As Nokia (NYSE:NOK) speeds toward completing its $17.1 billion acquisition of rival Alcatel-Lucent (NYSE: ALU) in the first quarter of 2016, industry analysts say that the two vendors are in strong financial shape after delivering their third-quarter results and are well-positioned to take on Ericsson (NASDAQ: ERIC) and Huawei. However, Nokia and Alcatel-Lucent will likely need to make significant cuts to their combined mobile assets, which will result in job cuts, and rivals will be looking to press their advantages as the companies come together next year.

"Nokia Networks' gross and operating margins remain peer-leading at 39.5% and 9.5%, respectively, even as the company's revenue mix shifts away from developed markets in Europe and North America towards developing markets in the Middle East and Asia," TBR analyst Michael Soper said. "This is largely due to a focused R&D strategy and emphasis on high-margin professional services."

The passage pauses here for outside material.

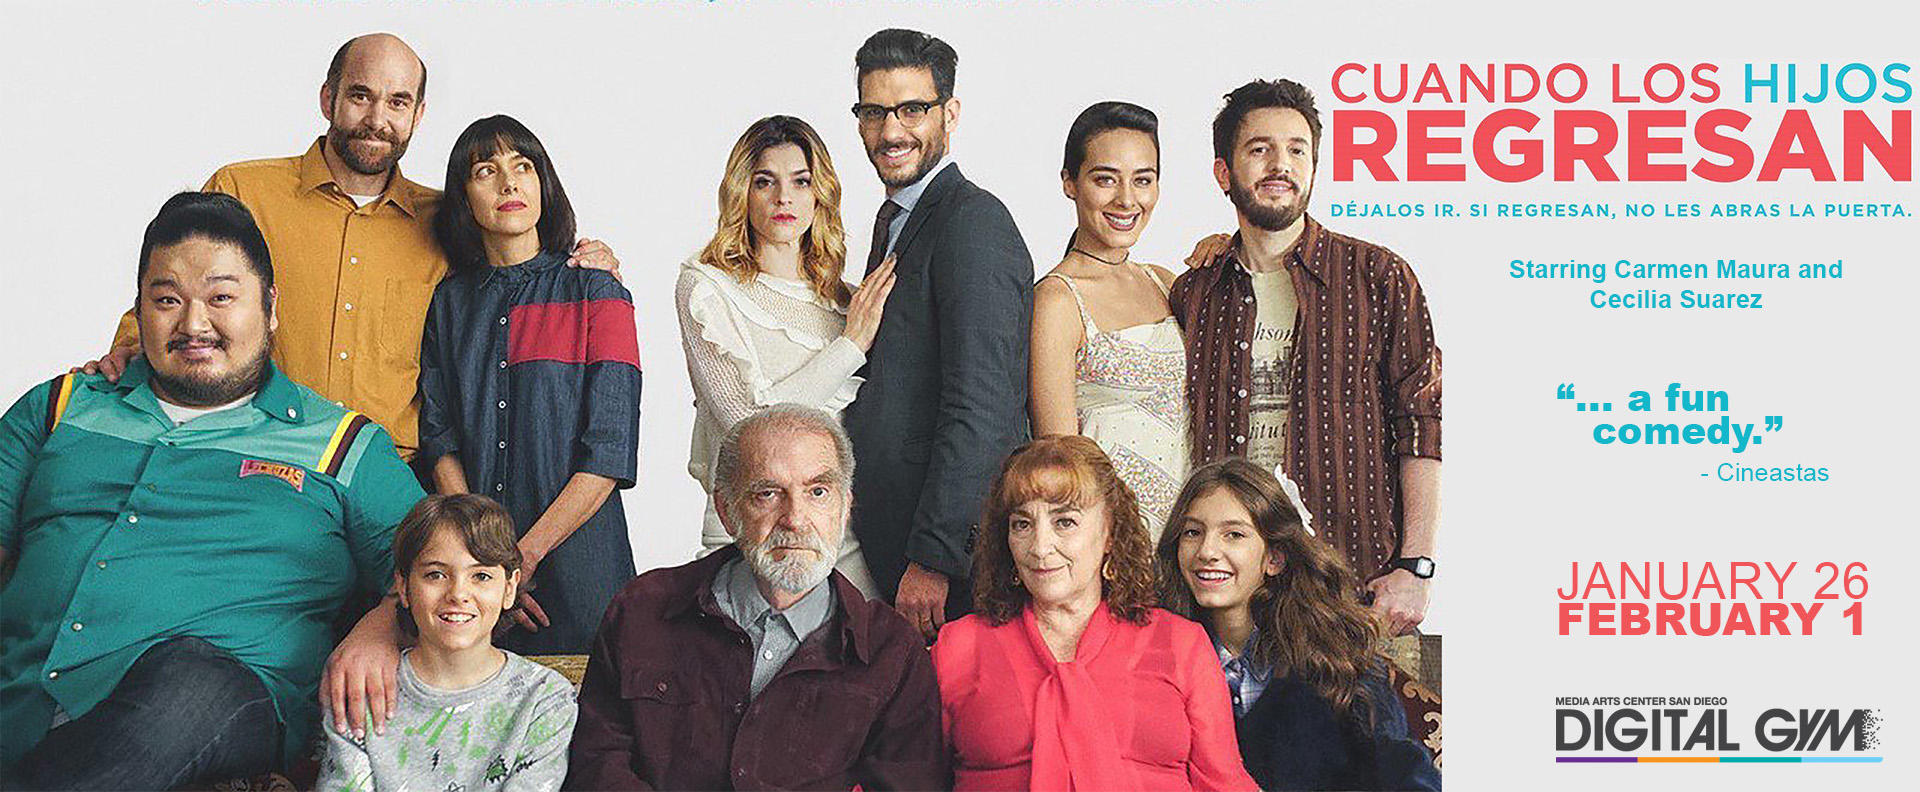 Mexico's Cuando Los Hijos Regresan Premieres in San Diego (Jan 26 – Feb 1)
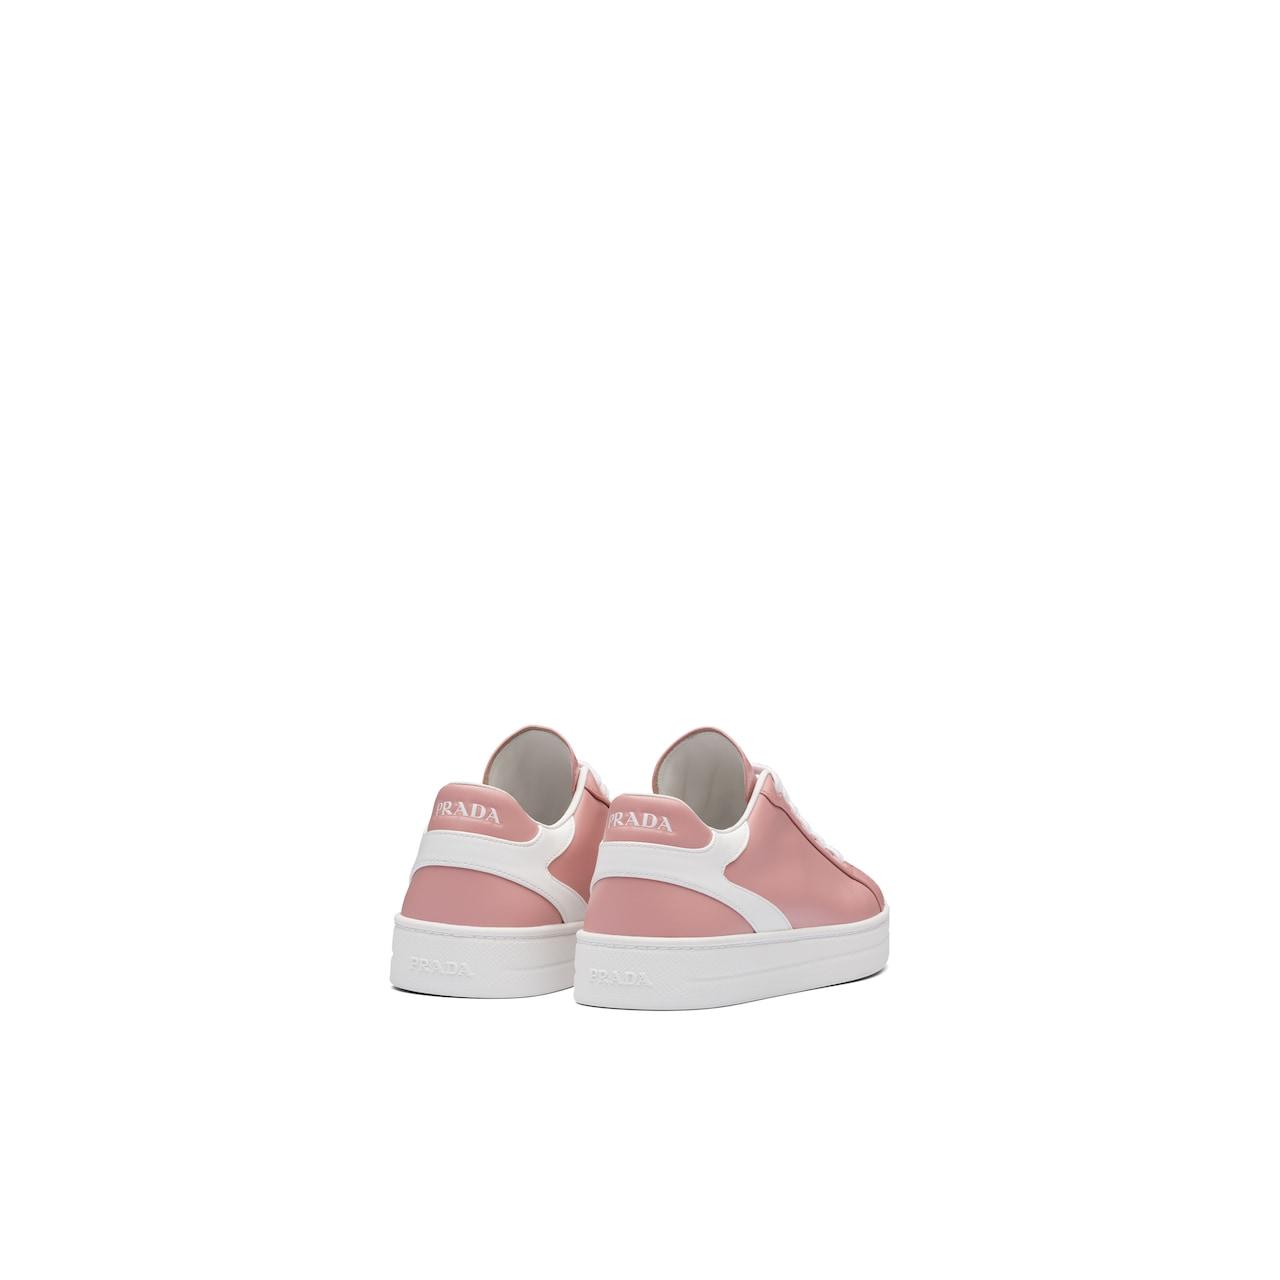 Prada 皮革运动鞋 5

TBR expects Nokia to deliver a 2015 operating margin in the double digits and low-single-digit revenue growth, "as large-scale LTE buildouts in China and, to a lesser extent, India will offset slowing LTE activity in North America."

Meanwhile, TBR analyst Patrick Filkins said that Alcatel-Lucent in the third quarter "delivered improved revenues, gross and operating margin," which were "boosted by currency effects and Shift Plan restructuring. Alcatel-Lucent benefitted from higher software sales in the U.S. and LTE deployments in China, however, contract delays in Alcatel-Lucent's Submarine (ASN) business, drove down revenue at constant currency rates. A large, one-time impairment of goodwill charge, attributed to ASN, negatively affected profits."

Despite some of the positive financial progress the companies have made recently, large cuts are coming, especially in the firm's wireless units. Nokia CEO Rajeev Suri, who will lead the combined company, has already said that "radio is where the heavy lifting will take place in wireless and that's where we need to integrate and there of course will be some struggles during the process."

So where will the cuts come exactly?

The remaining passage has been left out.